▸ **HOW TO COMPLETE THIS TASK**: Write each line below back out exactly, omitting its pictures.

▸ **SOURCE MATERIAL**:
§ §

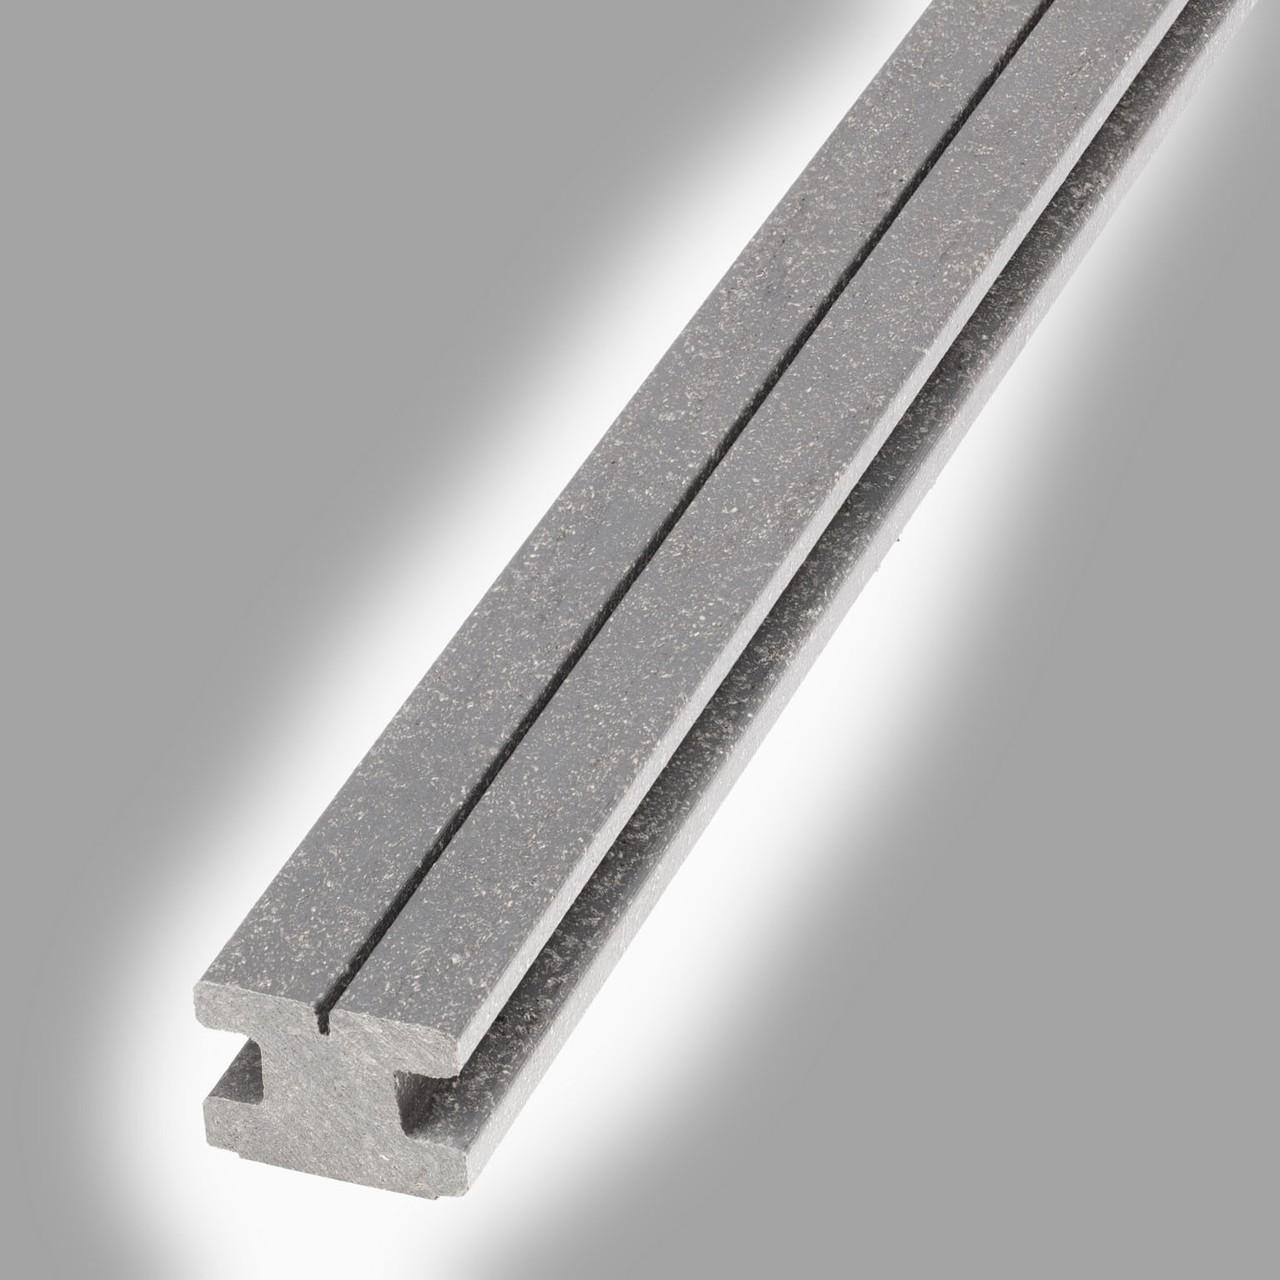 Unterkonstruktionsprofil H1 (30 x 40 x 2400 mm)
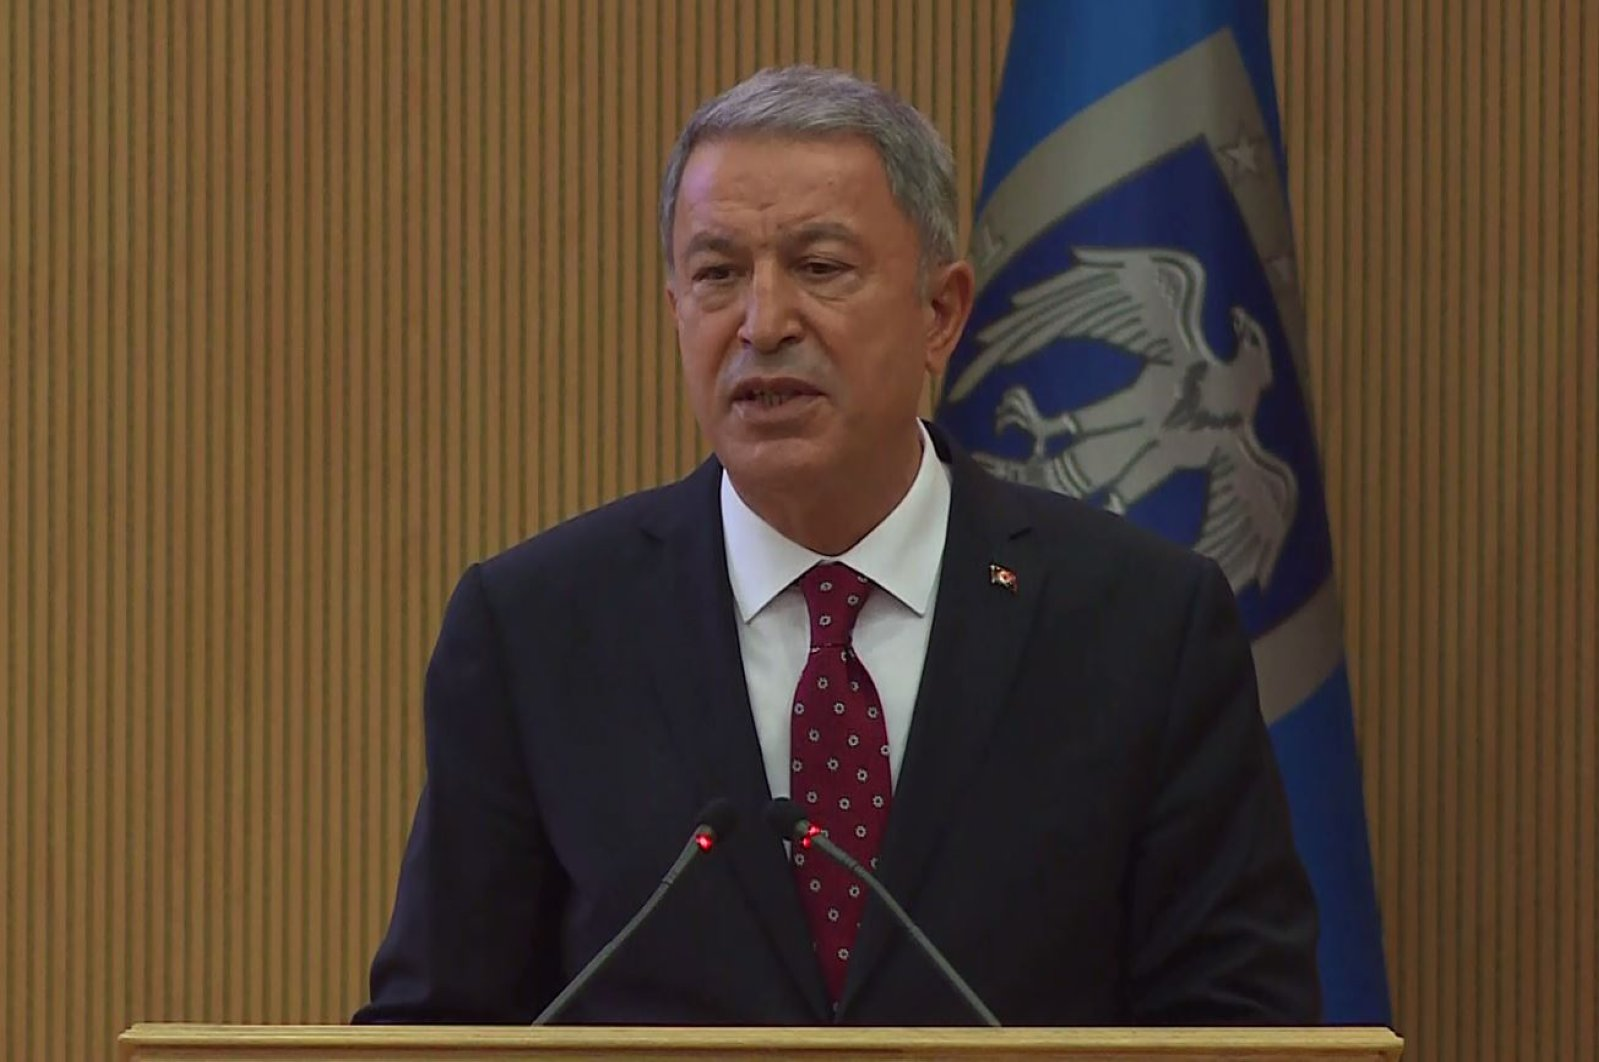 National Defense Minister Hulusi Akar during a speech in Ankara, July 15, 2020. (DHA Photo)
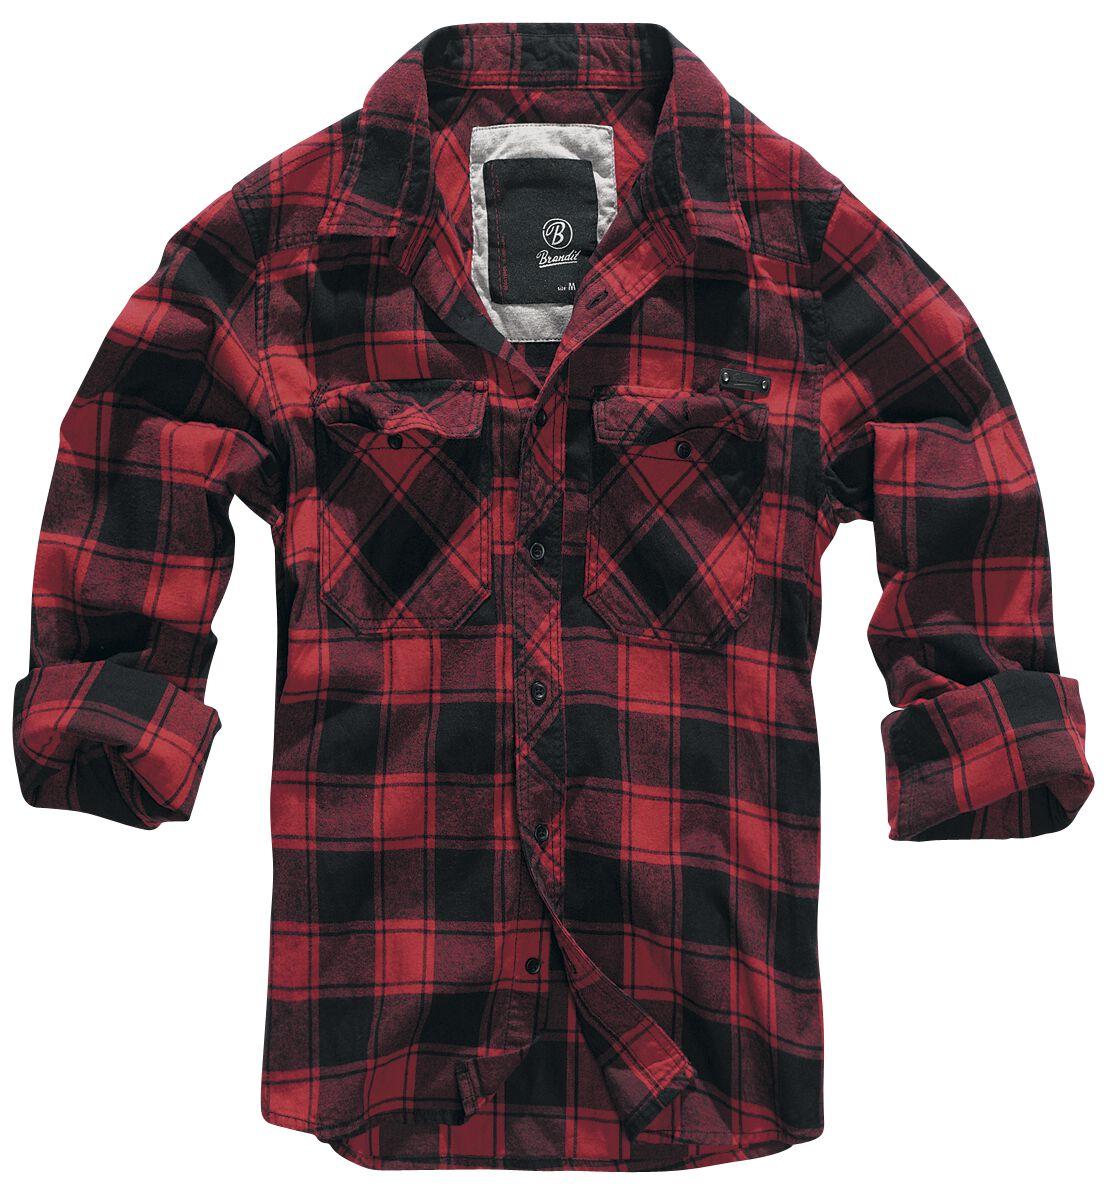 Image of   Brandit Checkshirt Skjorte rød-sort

§ §

▸ **RESPONSE TO THIS EXERCISE**:
 Unterkonstruktionsprofil H1 (30 x 40 x 2400 mm)
 National Defense Minister Hulusi Akar during a speech in Ankara, July 15, 2020. (DHA Photo)
 Image of   Brandit Checkshirt Skjorte rød-sort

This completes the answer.